Ces photographies figuraient certainement parmi les documents de travail que Stanley Kubrick réunit pour de la préparation d’Eyes Wide Shut, cinquante ans après les avoir réalisées. Que déduire de plus de cette multitude de correspondances que fait valoir leur rapprochement d’avec ce film, touchant tantôt à une situation générale (soirée costumée…), un lieu (magasin de jouets…), un élément du décor (kiosque à journaux…), un personnage (pianiste…), une attitude, un accessoire, un moindre détail ? Tandis que leur liste s’allonge, interminable, l’hypothèse d’une démarche autobiographique souterraine à la réalisation de ce dernier film ne suffit plus à les expliquer. Pour le reste, il ne s’agit que de laisser notre regard se déplacer autour d’Eyes Wide Shut, ne serait-ce qu’un instant, le temps de feuilleter ce montage.

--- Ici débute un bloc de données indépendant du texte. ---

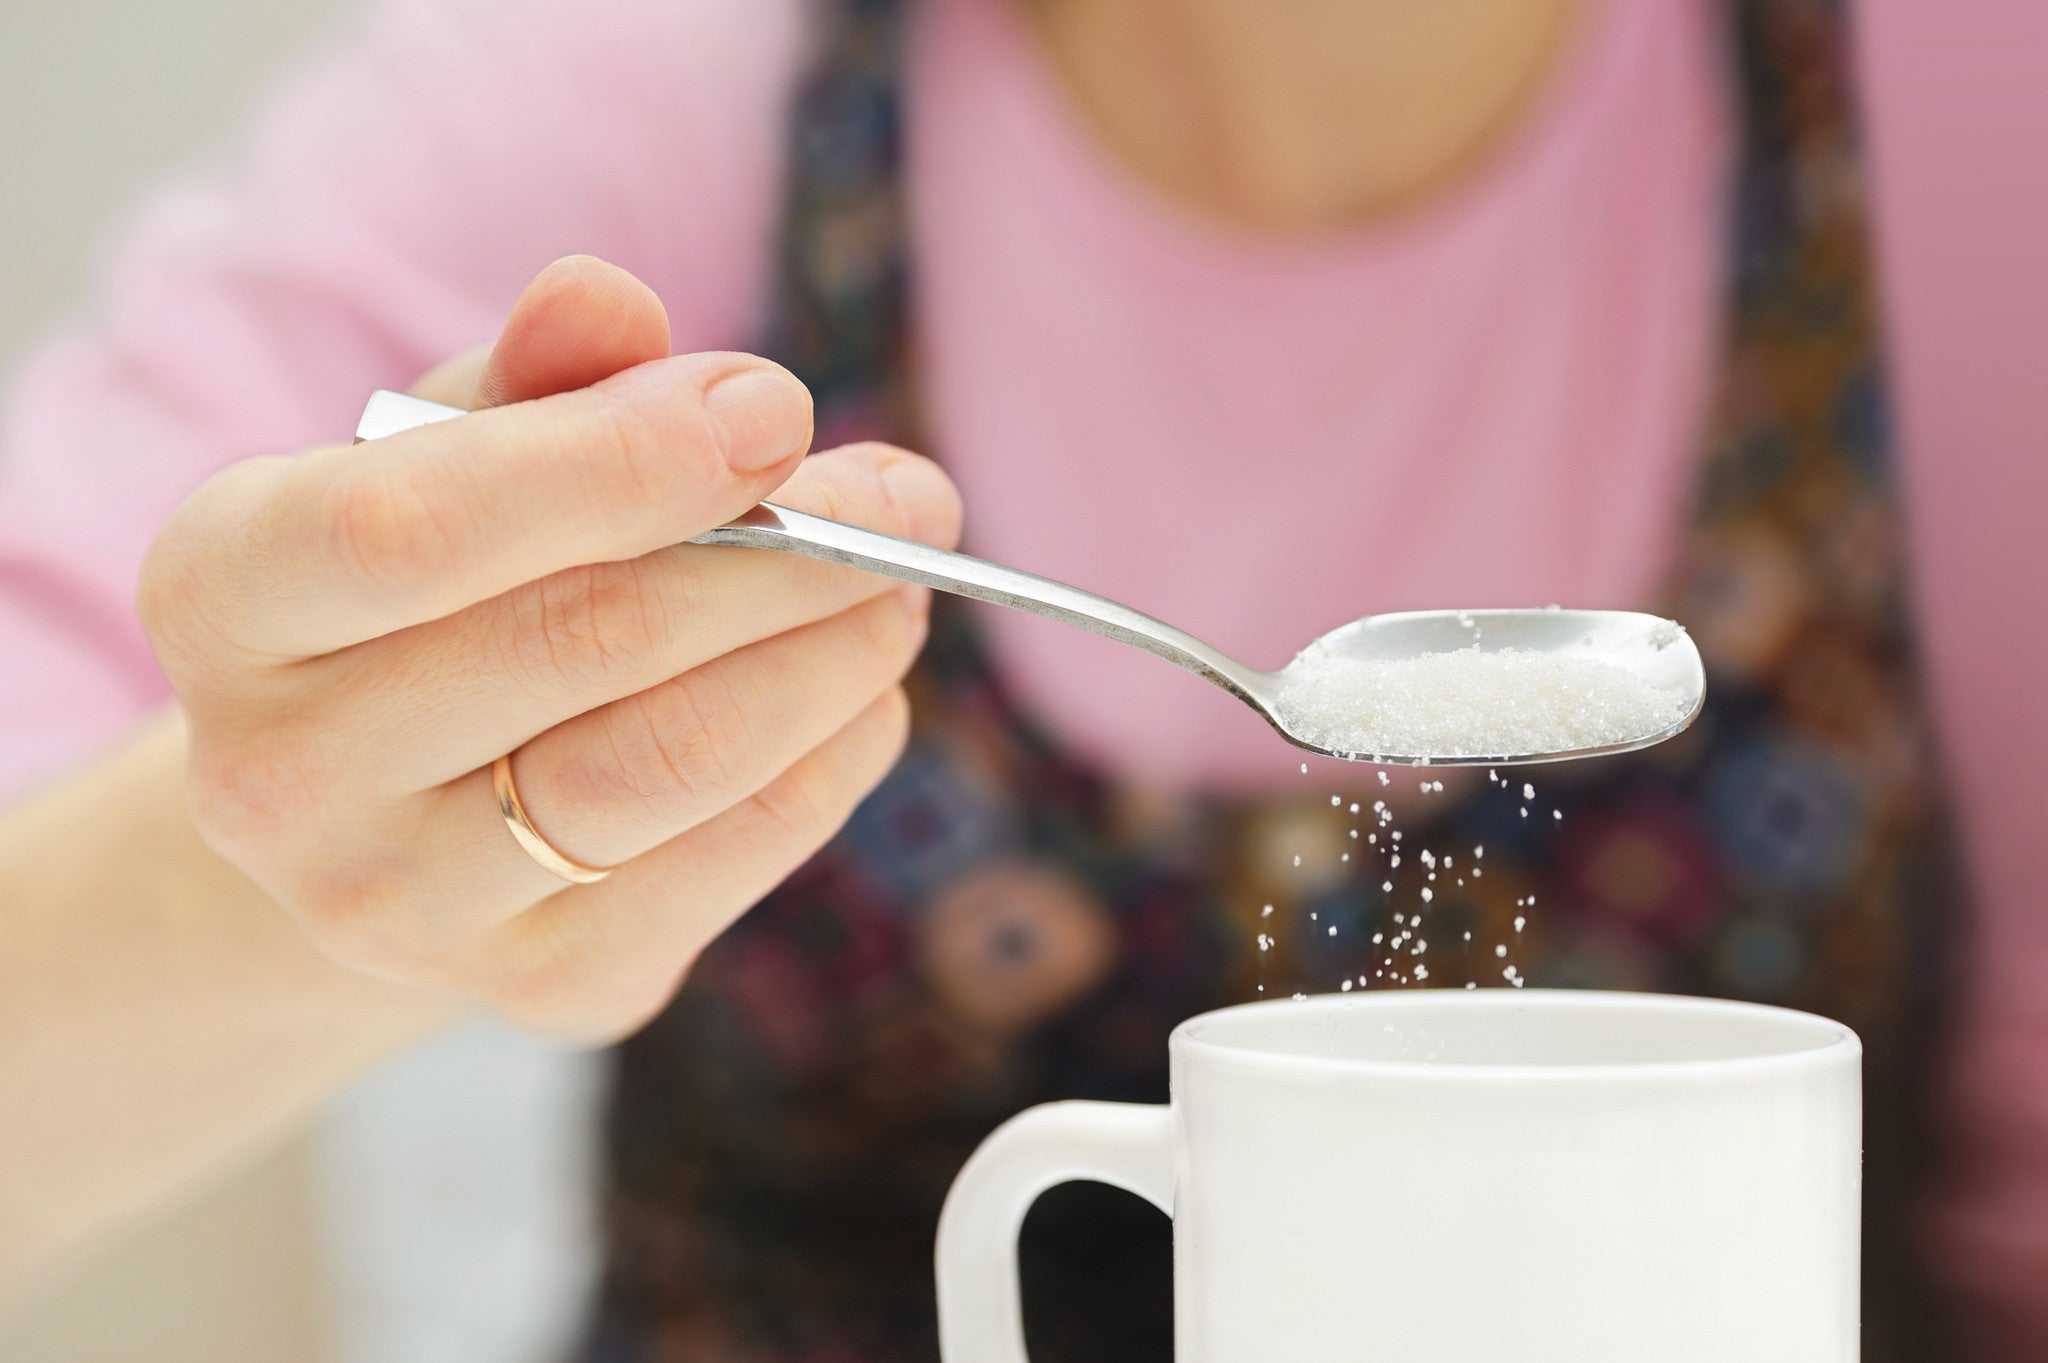 Сладость попки такая что можно в чай макать вместо сахара

Voir les images de ce film, non plus d’un point de vue décodeur, mais avec un autre œil, avec celui qui s’était forgé parmi les habitants de New York, à la fin des années 1940, derrière l’objectif d’un Graflex : celui de Kubrick lui-même. À la faveur de l’interruption du récit d’Eyes Wide Shut, ses images révèlent la mémoire visuelle très éclectique dont elles se nourrissent, l’œil dont elle procède : tendanciellement anthropologue, attentif aux rituels sociaux, aux situations, aux postures et expressions humaines, aux architectures, aux accessoires qui les accompagnent, aux regards, contacts, sourires en coin, aux lunettes et nœuds papillons, aux intermèdes entre deux scènes sociales, au raccord-maquillage de l’une, à l’avachissement de l’autre, à la torsion d’un cou, à l’affaissement d’une ligne d’épaule, l’imperceptible bouffissure d’un visage assoupi, dans l’ombre. Nous le savions bien : l’œil de Kubrick était éminemment photographique. Et voilà qui ne renvoie pas seulement à l’expertise technique avérée de ce cinéaste (toujours équipé de son petit objectif sur ses tournages). Qu’il ait offert un appareil photographique à Leslie Tomkins une fois son dernier film terminé — il comptait sur lui pour la suite — avait de quoi nous mettre la puce à l’oreille : un œil photographique est doté d’une sensibilité très particulière, qui concerne de près le travail de son chef décorateur. Cette sensibilité, il faut bien la corréler aux réflexes archiviste et collectionneur de Stanley Kubrick, à sa minutie, son souci du détail apparemment excessifs : c’est bien ainsi que l’objectif photographique donne à voir le monde.